### Problem to work on
Could you reproduce all of the records exactly?

Dataset extract Block Start

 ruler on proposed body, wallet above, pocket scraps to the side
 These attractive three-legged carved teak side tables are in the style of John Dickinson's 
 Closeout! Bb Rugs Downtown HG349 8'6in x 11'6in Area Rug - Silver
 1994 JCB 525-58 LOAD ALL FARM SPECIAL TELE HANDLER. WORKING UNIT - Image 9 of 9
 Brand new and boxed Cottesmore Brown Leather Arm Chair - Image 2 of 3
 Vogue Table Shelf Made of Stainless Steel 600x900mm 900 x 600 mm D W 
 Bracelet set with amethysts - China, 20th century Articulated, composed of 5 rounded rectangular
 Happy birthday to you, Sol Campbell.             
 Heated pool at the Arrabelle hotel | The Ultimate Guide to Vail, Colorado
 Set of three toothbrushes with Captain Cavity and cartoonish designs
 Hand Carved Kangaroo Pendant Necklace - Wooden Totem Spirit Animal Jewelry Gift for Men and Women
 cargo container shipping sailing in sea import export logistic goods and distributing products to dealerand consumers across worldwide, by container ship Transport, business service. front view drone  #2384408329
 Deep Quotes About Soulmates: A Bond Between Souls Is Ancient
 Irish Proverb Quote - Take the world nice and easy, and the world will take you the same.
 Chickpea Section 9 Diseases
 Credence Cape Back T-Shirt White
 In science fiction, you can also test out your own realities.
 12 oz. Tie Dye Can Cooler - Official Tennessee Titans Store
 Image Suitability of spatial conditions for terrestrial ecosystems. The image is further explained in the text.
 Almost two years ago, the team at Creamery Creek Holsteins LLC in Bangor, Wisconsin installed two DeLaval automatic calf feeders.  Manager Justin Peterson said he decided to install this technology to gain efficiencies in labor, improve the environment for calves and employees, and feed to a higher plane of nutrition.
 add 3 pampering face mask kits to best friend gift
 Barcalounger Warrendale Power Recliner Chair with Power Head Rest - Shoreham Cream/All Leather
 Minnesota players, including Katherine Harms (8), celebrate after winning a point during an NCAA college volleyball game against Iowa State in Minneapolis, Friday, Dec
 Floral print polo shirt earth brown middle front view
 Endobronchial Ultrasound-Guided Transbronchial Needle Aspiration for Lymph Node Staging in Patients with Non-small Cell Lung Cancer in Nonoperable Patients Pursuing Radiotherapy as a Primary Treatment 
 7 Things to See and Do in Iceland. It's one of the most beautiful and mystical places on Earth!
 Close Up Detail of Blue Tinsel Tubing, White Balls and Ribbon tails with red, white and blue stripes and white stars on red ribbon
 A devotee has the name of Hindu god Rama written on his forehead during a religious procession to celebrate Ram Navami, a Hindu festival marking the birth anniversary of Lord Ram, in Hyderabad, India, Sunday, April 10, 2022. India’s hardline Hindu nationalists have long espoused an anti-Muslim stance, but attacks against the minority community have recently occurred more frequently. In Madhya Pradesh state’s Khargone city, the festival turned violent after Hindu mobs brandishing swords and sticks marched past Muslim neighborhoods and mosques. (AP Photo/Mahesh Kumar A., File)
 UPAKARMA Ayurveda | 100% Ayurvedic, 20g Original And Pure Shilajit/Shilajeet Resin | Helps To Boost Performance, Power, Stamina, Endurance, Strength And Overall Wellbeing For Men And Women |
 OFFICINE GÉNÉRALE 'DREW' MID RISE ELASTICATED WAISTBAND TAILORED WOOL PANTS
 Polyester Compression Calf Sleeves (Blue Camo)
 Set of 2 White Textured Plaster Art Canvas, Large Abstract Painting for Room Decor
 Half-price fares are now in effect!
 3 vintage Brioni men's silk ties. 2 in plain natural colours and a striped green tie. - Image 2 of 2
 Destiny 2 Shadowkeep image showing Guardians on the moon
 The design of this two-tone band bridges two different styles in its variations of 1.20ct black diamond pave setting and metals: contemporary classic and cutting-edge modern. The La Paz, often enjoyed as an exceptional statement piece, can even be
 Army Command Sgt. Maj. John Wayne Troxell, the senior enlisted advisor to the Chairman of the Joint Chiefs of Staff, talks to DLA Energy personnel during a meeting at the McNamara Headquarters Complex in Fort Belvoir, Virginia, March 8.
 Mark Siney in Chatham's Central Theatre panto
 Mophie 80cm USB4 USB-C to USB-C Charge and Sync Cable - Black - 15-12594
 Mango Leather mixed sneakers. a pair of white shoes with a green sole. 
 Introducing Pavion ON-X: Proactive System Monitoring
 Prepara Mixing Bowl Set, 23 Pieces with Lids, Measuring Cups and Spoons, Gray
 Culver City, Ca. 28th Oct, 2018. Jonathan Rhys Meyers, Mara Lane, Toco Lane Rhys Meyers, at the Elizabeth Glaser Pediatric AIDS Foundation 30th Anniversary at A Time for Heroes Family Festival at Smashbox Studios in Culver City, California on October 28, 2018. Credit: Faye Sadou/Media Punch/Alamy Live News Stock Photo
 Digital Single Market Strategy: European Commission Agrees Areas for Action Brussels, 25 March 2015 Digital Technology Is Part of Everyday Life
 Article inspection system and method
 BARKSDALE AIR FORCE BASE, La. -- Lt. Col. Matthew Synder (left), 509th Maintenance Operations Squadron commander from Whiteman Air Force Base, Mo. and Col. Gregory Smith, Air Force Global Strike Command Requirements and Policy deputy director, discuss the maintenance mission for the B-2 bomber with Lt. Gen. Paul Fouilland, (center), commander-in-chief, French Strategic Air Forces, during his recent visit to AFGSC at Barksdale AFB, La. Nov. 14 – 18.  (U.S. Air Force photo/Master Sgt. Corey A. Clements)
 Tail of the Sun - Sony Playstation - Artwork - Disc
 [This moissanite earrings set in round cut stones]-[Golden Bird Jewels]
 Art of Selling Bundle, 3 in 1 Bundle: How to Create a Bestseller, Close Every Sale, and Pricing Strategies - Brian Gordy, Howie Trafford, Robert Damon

Dataset extract Block End

### Result of this exercise
 ruler on proposed body, wallet above, pocket scraps to the side
 These attractive three-legged carved teak side tables are in the style of John Dickinson's 
 Closeout! Bb Rugs Downtown HG349 8'6in x 11'6in Area Rug - Silver
 1994 JCB 525-58 LOAD ALL FARM SPECIAL TELE HANDLER. WORKING UNIT - Image 9 of 9
 Brand new and boxed Cottesmore Brown Leather Arm Chair - Image 2 of 3
 Vogue Table Shelf Made of Stainless Steel 600x900mm 900 x 600 mm D W 
 Bracelet set with amethysts - China, 20th century Articulated, composed of 5 rounded rectangular
 Happy birthday to you, Sol Campbell.             
 Heated pool at the Arrabelle hotel | The Ultimate Guide to Vail, Colorado
 Set of three toothbrushes with Captain Cavity and cartoonish designs
 Hand Carved Kangaroo Pendant Necklace - Wooden Totem Spirit Animal Jewelry Gift for Men and Women
 cargo container shipping sailing in sea import export logistic goods and distributing products to dealerand consumers across worldwide, by container ship Transport, business service. front view drone  #2384408329
 Deep Quotes About Soulmates: A Bond Between Souls Is Ancient
 Irish Proverb Quote - Take the world nice and easy, and the world will take you the same.
 Chickpea Section 9 Diseases
 Credence Cape Back T-Shirt White
 In science fiction, you can also test out your own realities.
 12 oz. Tie Dye Can Cooler - Official Tennessee Titans Store
 Image Suitability of spatial conditions for terrestrial ecosystems. The image is further explained in the text.
 Almost two years ago, the team at Creamery Creek Holsteins LLC in Bangor, Wisconsin installed two DeLaval automatic calf feeders.  Manager Justin Peterson said he decided to install this technology to gain efficiencies in labor, improve the environment for calves and employees, and feed to a higher plane of nutrition.
 add 3 pampering face mask kits to best friend gift
 Barcalounger Warrendale Power Recliner Chair with Power Head Rest - Shoreham Cream/All Leather
 Minnesota players, including Katherine Harms (8), celebrate after winning a point during an NCAA college volleyball game against Iowa State in Minneapolis, Friday, Dec
 Floral print polo shirt earth brown middle front view
 Endobronchial Ultrasound-Guided Transbronchial Needle Aspiration for Lymph Node Staging in Patients with Non-small Cell Lung Cancer in Nonoperable Patients Pursuing Radiotherapy as a Primary Treatment 
 7 Things to See and Do in Iceland. It's one of the most beautiful and mystical places on Earth!
 Close Up Detail of Blue Tinsel Tubing, White Balls and Ribbon tails with red, white and blue stripes and white stars on red ribbon
 A devotee has the name of Hindu god Rama written on his forehead during a religious procession to celebrate Ram Navami, a Hindu festival marking the birth anniversary of Lord Ram, in Hyderabad, India, Sunday, April 10, 2022. India’s hardline Hindu nationalists have long espoused an anti-Muslim stance, but attacks against the minority community have recently occurred more frequently. In Madhya Pradesh state’s Khargone city, the festival turned violent after Hindu mobs brandishing swords and sticks marched past Muslim neighborhoods and mosques. (AP Photo/Mahesh Kumar A., File)
 UPAKARMA Ayurveda | 100% Ayurvedic, 20g Original And Pure Shilajit/Shilajeet Resin | Helps To Boost Performance, Power, Stamina, Endurance, Strength And Overall Wellbeing For Men And Women |
 OFFICINE GÉNÉRALE 'DREW' MID RISE ELASTICATED WAISTBAND TAILORED WOOL PANTS
 Polyester Compression Calf Sleeves (Blue Camo)
 Set of 2 White Textured Plaster Art Canvas, Large Abstract Painting for Room Decor
 Half-price fares are now in effect!
 3 vintage Brioni men's silk ties. 2 in plain natural colours and a striped green tie. - Image 2 of 2
 Destiny 2 Shadowkeep image showing Guardians on the moon
 The design of this two-tone band bridges two different styles in its variations of 1.20ct black diamond pave setting and metals: contemporary classic and cutting-edge modern. The La Paz, often enjoyed as an exceptional statement piece, can even be
 Army Command Sgt. Maj. John Wayne Troxell, the senior enlisted advisor to the Chairman of the Joint Chiefs of Staff, talks to DLA Energy personnel during a meeting at the McNamara Headquarters Complex in Fort Belvoir, Virginia, March 8.
 Mark Siney in Chatham's Central Theatre panto
 Mophie 80cm USB4 USB-C to USB-C Charge and Sync Cable - Black - 15-12594
 Mango Leather mixed sneakers. a pair of white shoes with a green sole. 
 Introducing Pavion ON-X: Proactive System Monitoring
 Prepara Mixing Bowl Set, 23 Pieces with Lids, Measuring Cups and Spoons, Gray
 Culver City, Ca. 28th Oct, 2018. Jonathan Rhys Meyers, Mara Lane, Toco Lane Rhys Meyers, at the Elizabeth Glaser Pediatric AIDS Foundation 30th Anniversary at A Time for Heroes Family Festival at Smashbox Studios in Culver City, California on October 28, 2018. Credit: Faye Sadou/Media Punch/Alamy Live News Stock Photo
 Digital Single Market Strategy: European Commission Agrees Areas for Action Brussels, 25 March 2015 Digital Technology Is Part of Everyday Life
 Article inspection system and method
 BARKSDALE AIR FORCE BASE, La. -- Lt. Col. Matthew Synder (left), 509th Maintenance Operations Squadron commander from Whiteman Air Force Base, Mo. and Col. Gregory Smith, Air Force Global Strike Command Requirements and Policy deputy director, discuss the maintenance mission for the B-2 bomber with Lt. Gen. Paul Fouilland, (center), commander-in-chief, French Strategic Air Forces, during his recent visit to AFGSC at Barksdale AFB, La. Nov. 14 – 18.  (U.S. Air Force photo/Master Sgt. Corey A. Clements)
 Tail of the Sun - Sony Playstation - Artwork - Disc
 [This moissanite earrings set in round cut stones]-[Golden Bird Jewels]
 Art of Selling Bundle, 3 in 1 Bundle: How to Create a Bestseller, Close Every Sale, and Pricing Strategies - Brian Gordy, Howie Trafford, Robert Damon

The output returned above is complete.